I am puzzled by the fact that
rankZ < rankX + rankY
span(Z) = span(X) + span(Y) (not direct)
If by span(X)(spanX) you mean all possible linear
combinations of the rows of X, then I do not
agree. I'd say that
span(Z) > span(X) + span(Y)
because it contains mixed linear combinations.
No. This can never be true.
The row spaces of each of X and Y can be
represented by a set of linearly independent
basis vectors. Because X has rank 13, there
are 13 of those independent (and orthogonal)
basis vectors for X. The row space of Y has
31 such orthogonal basis vectors.
Of course, the origin is included in the
span of both of the spaces, but if the two
spaces were independent of each other, the
origin would be the only such intersection
point.
Suppose we start with X. Reduce that space
to some set of orthogonal vectors. Orth is
a good way to do so, or QR. The information
content that was once in the rows of X
is embodied in some linear combination
of those 13 basis vectors.
Likewise, we can reduce Y to a set of 31
distinct basis vectors. Any row of Y can
be written as some linear combination of
those 31 vectors.
Now, imagine the two sets of orthogonal
vectors. We can rotate a set of orthogonal
vectors around the origin. As it turns out,
if we rotate one of these sets of vectors
carefully, we will find that the two sets
can be rotate around so they share exactly
7 basis vectors. The intersection space has
dimension 7.
Perhaps best is to write some code.
Given X and Y as above, if we did this:
Bx = orth(X')';
By = orth(Y')';
Bx will have 13 rows, and By will have
31 rows. These are sets of orthogonal
basis vectors for the row spaces of each
matrix. They span those row spaces.
How do we find the intersection space?
This is the subspace that the two share
in common. We can do it by projecting
one space onto the other.
S = (Y*Bx')*Bx;
Or, since By forms a basis for the rows
of Y, we could have done so as
S = (By*Bx')*Bx;
Now we can use orth to find a basis for
this shared subspace.
Bs = orth(S')';
It will have 7 rows, and thus a 7-d
shared set of basis vectors.
Thanks, John. I have been determined to do a similar
construction using 13 + 31 original vectors that create
nonorthogonal bases. Hence the reason for this thread.
I purposely excluded orthogonalization because I wanted
to understand what lessons original vectors could tell
me from a physical point of view.
Kudos aside, maybe my basic problem is that I really
don't understand the terminology (dumb engineer etc).

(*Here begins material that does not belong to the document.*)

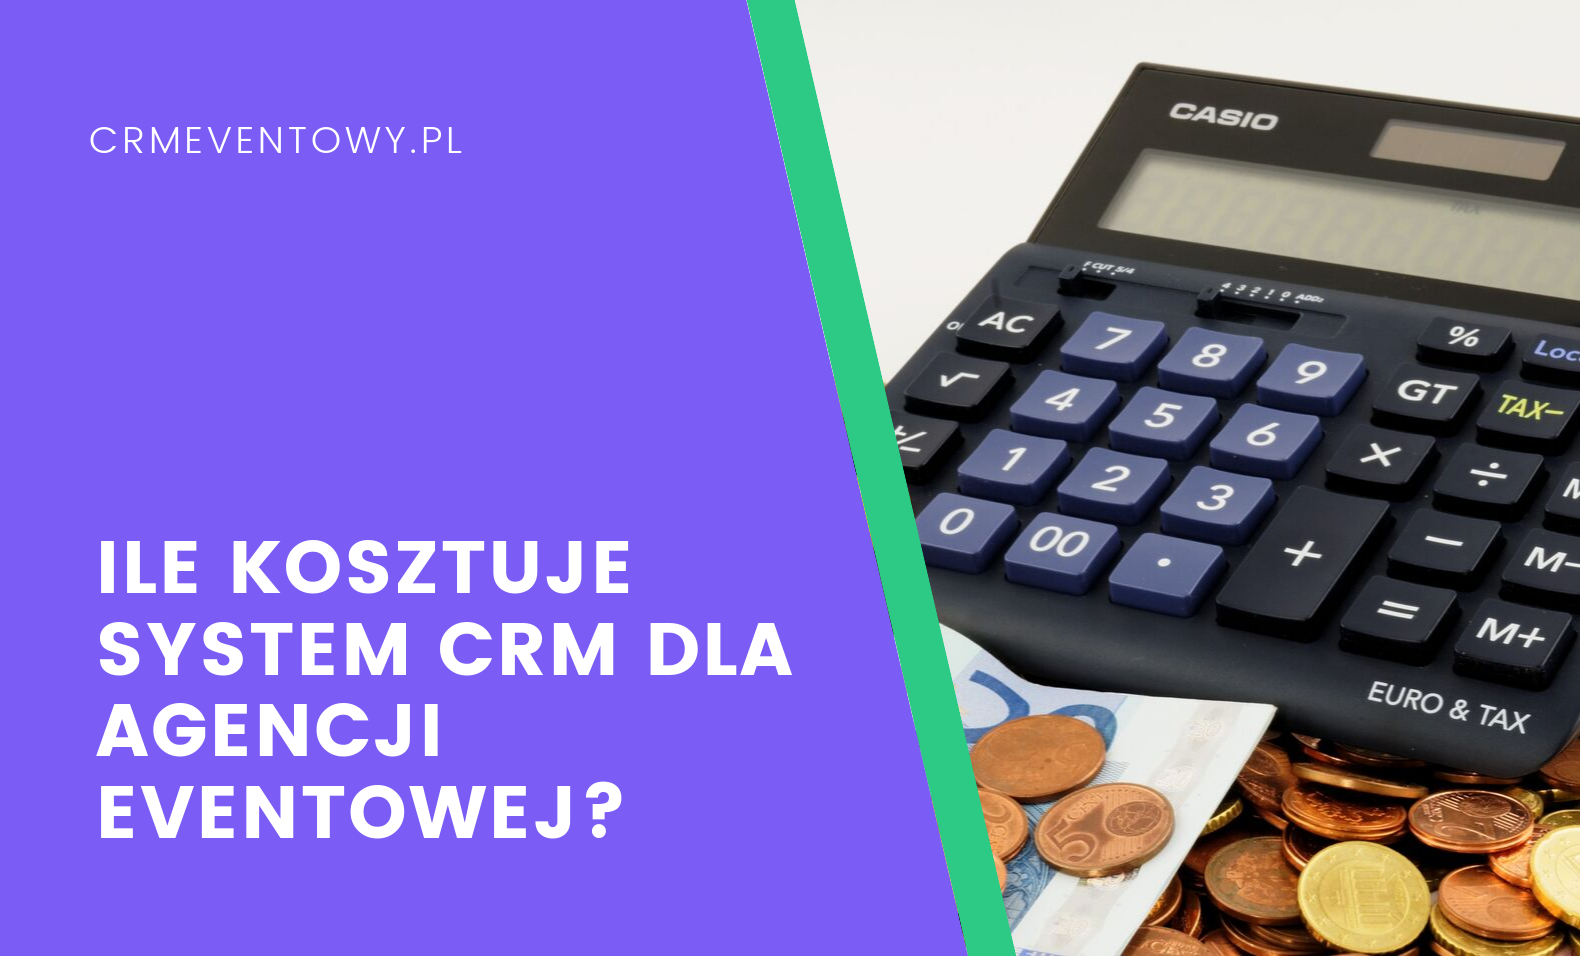 Ile kosztuje system CRM dla agencji eventowej?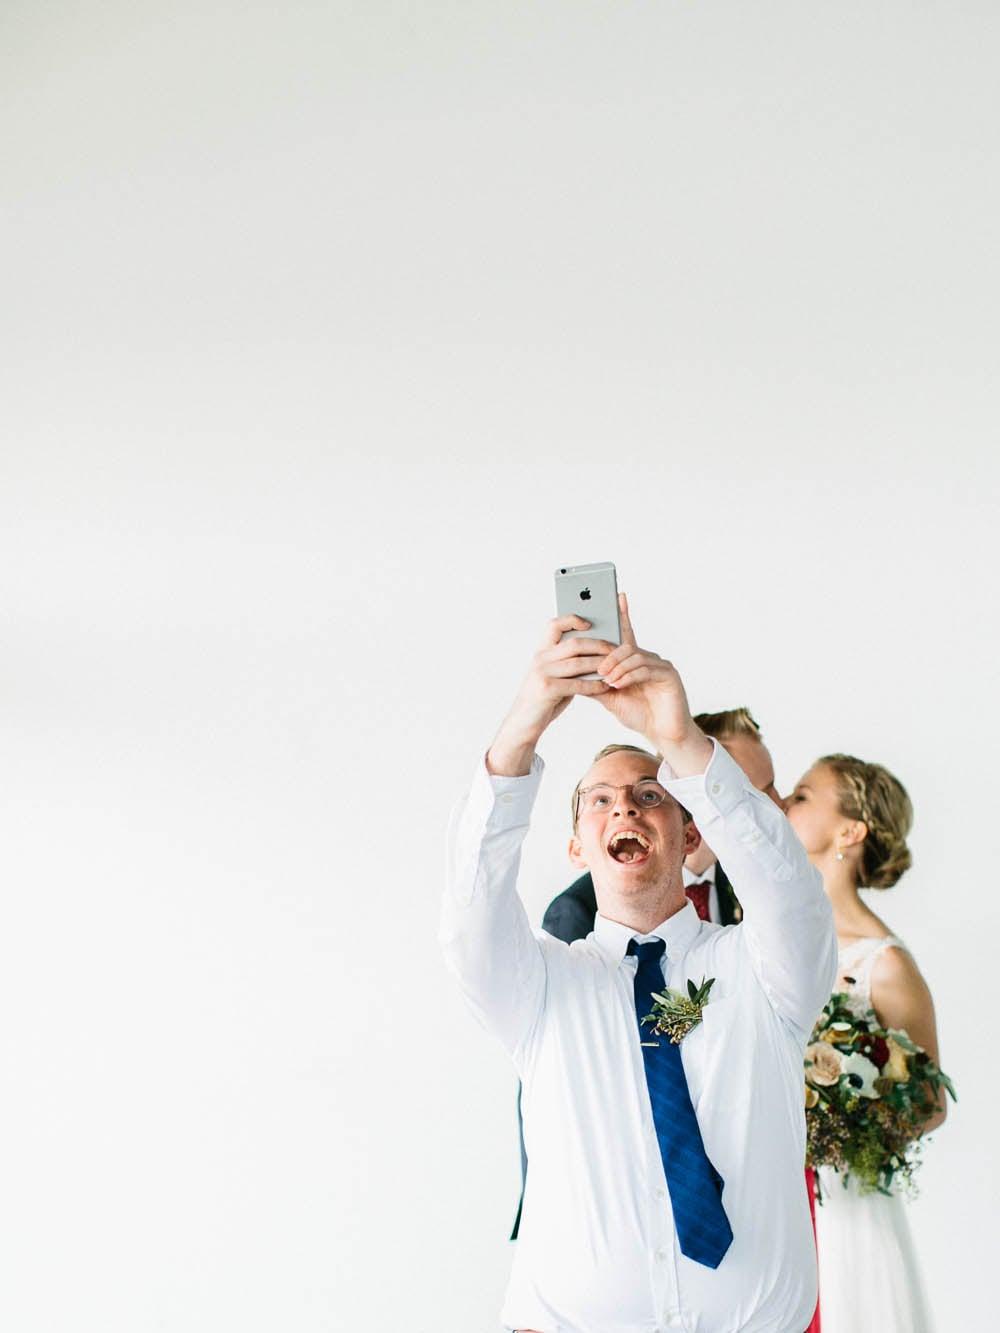 MariaLamb-Branden-Sammi-Wedding369.jpg

spanX contains all possible linear combinations of the
17 X row vectors.
spanY contains all possible linear combinations of the
60 Y row vectors
spanZ contains all possible linear combinations of the
77 Z row vectors.
Therefore spanZ not only contains spanX and spanY,
but it also contains all possible linear combinations
of X and Y row vector mixtures. Consequently, I
concluded that
spanZ > spanX + spanY
Maybe that is the wrong terminology for what i just
described. If so, and my logic makes sense, what is
the correct terminology?
Greg
.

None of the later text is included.